In 2003 President Bush was pushing for a war with Iraq. Like many others I saw no reason a war was needed - until the president revealed internal intelligence confirmed Iraq was developing weapons of mass destruction that could be used either directly or indirectly, through terrorists, against the US and other western countries. Reluctantly, given this assurance, I felt there was no choice but to proceed. European countries disputed this, but what can you expect from places who could freely piggyback on US strength, and were clearly out to take what advantage they could get. “Let's see what they say when we show them the actual weapons”, I thought with pleasure.

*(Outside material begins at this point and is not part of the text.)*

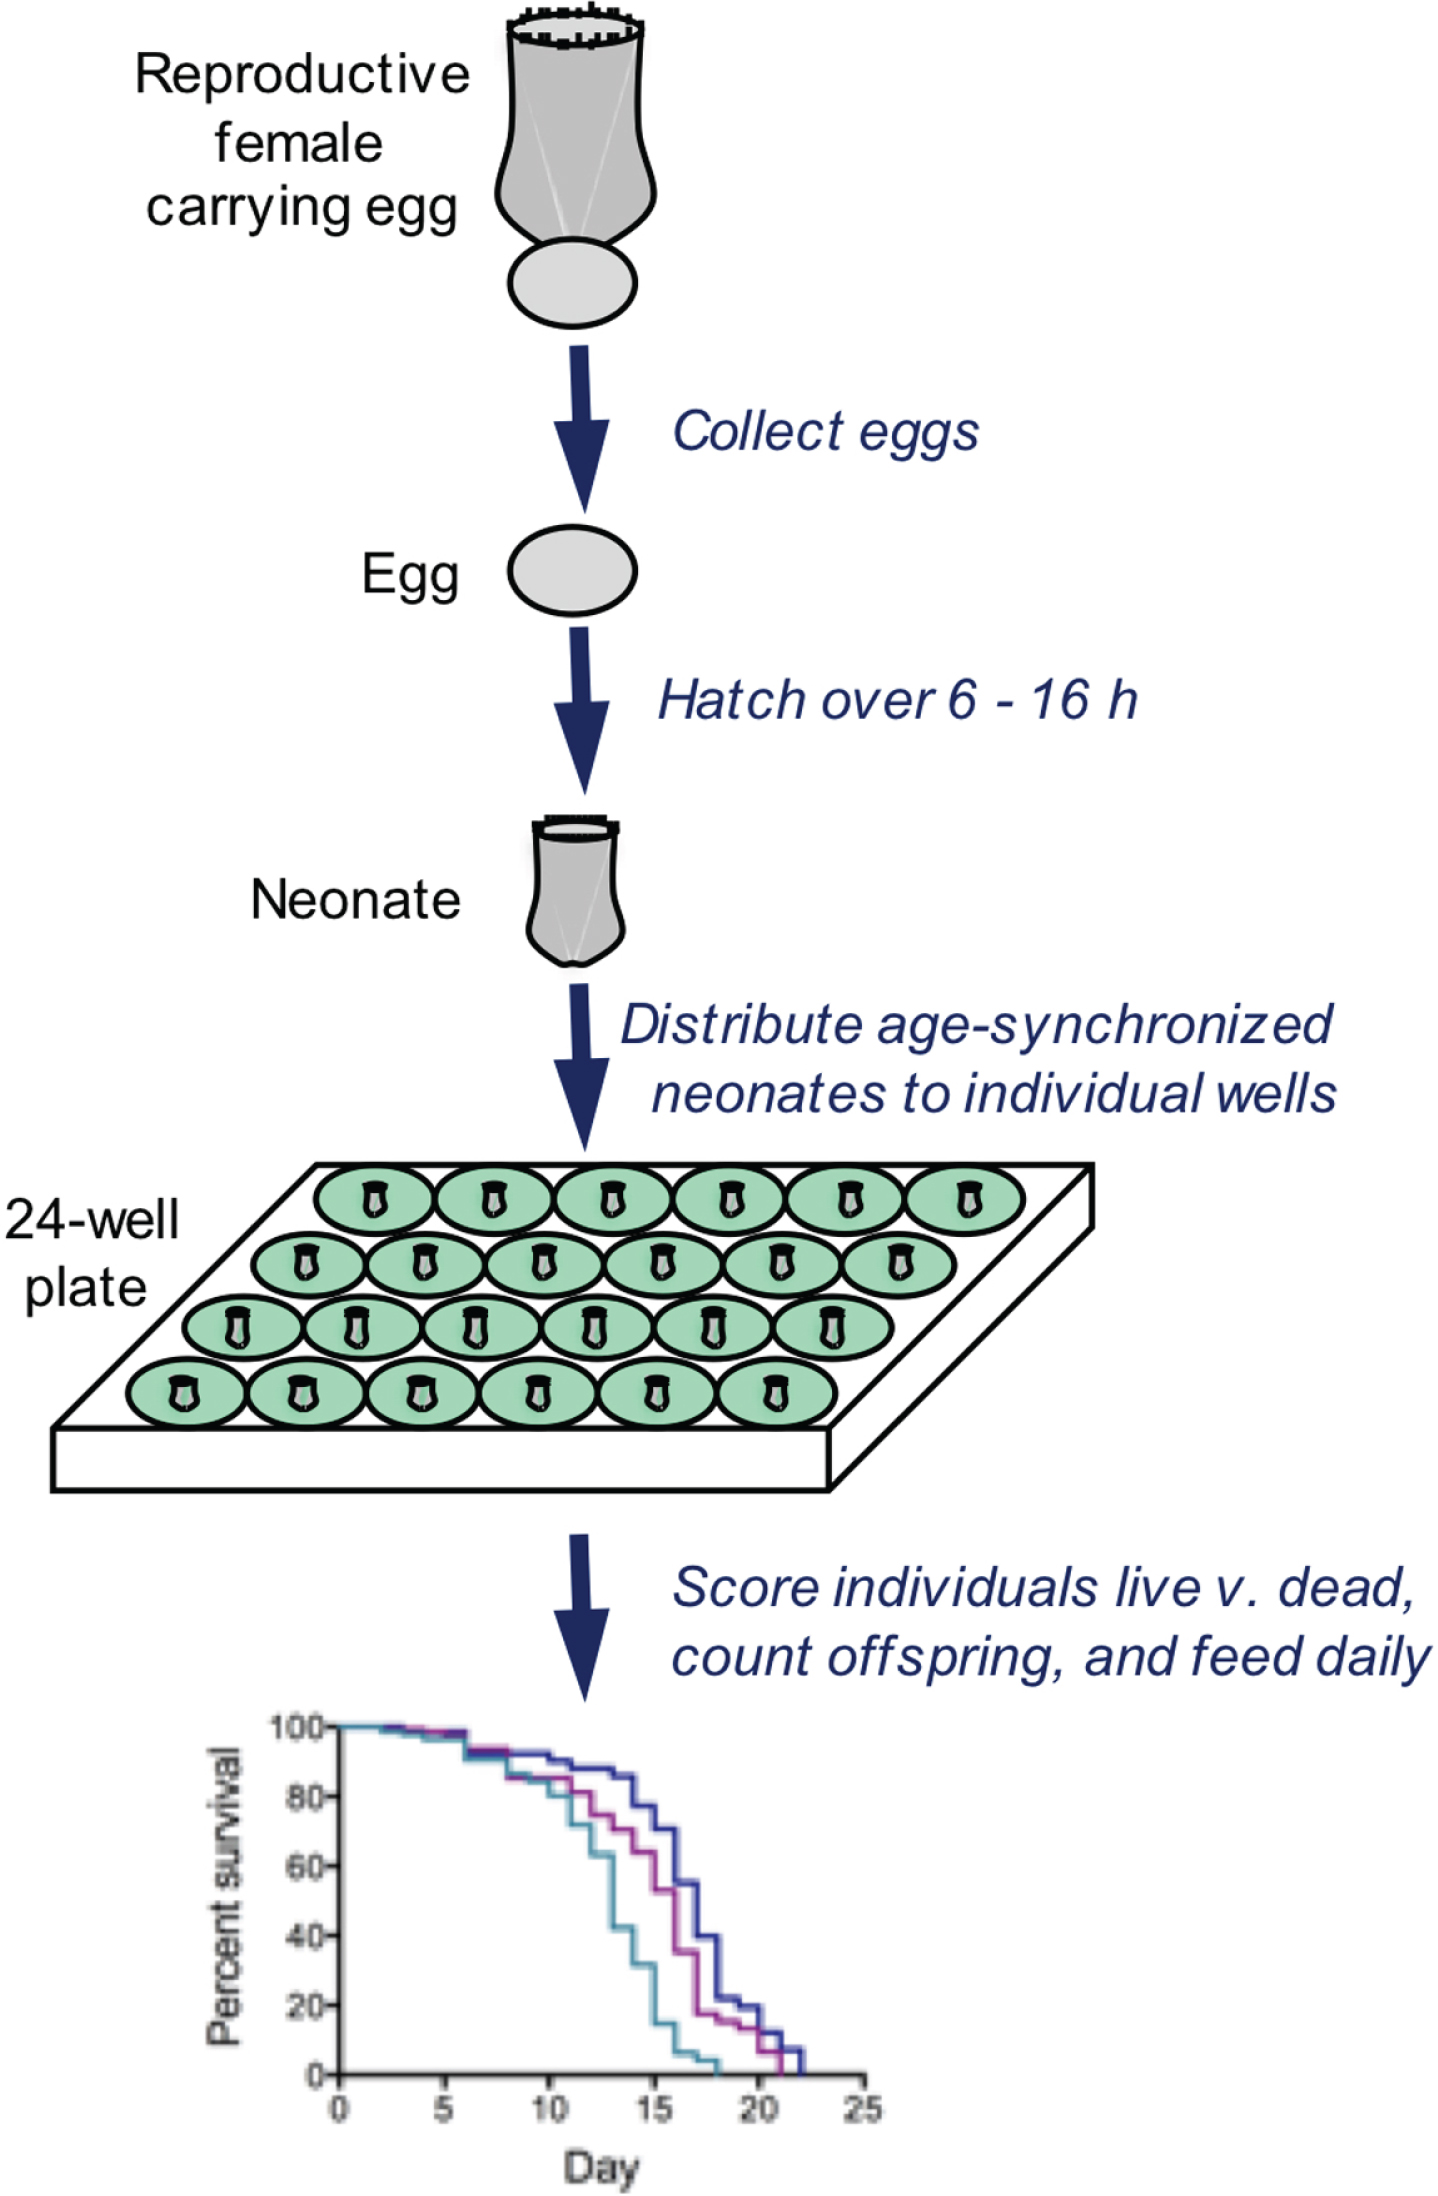 Typical methods for analyzing survivorship and fecundity of Brachionus. Eggs are collected and hatched over a short time window, resulting in an age-synchronized cohort. Neonates are distributed to wells containing 1 ml of seawater, algae as food, and drugs or other treatment. Every 24 h, all individuals are observed by dissecting microscope; each rotifer is fed, scored as live or dead, assessed for reproductive status, and the number of offspring is counted. These methods allows individual-level measurements of lifespan and reproduction with high replication.

After US swept through Iraq, and after “mission accomplished”, there was nothing found that the government could even pretend to spin as a WMD program. Later news reports indicated the internal intelligence “proving” weapon development was known to be questionable, at best, at the time it was cited.
It’s ironic that at the same time the US was criticizing China for lying about its coronavirus numbers its representatives were lying about the value of masks. People who loudly trumpet American values often seem to have little faith in them in practice. The whole mask debacle shows perhaps many Americans do need to be tricked into acting responsibly because they will not do so on their own. But even more depressing is seeing a race to the bottom between self centered, clueless American citizens and a politically-motivated and manipulative United States government.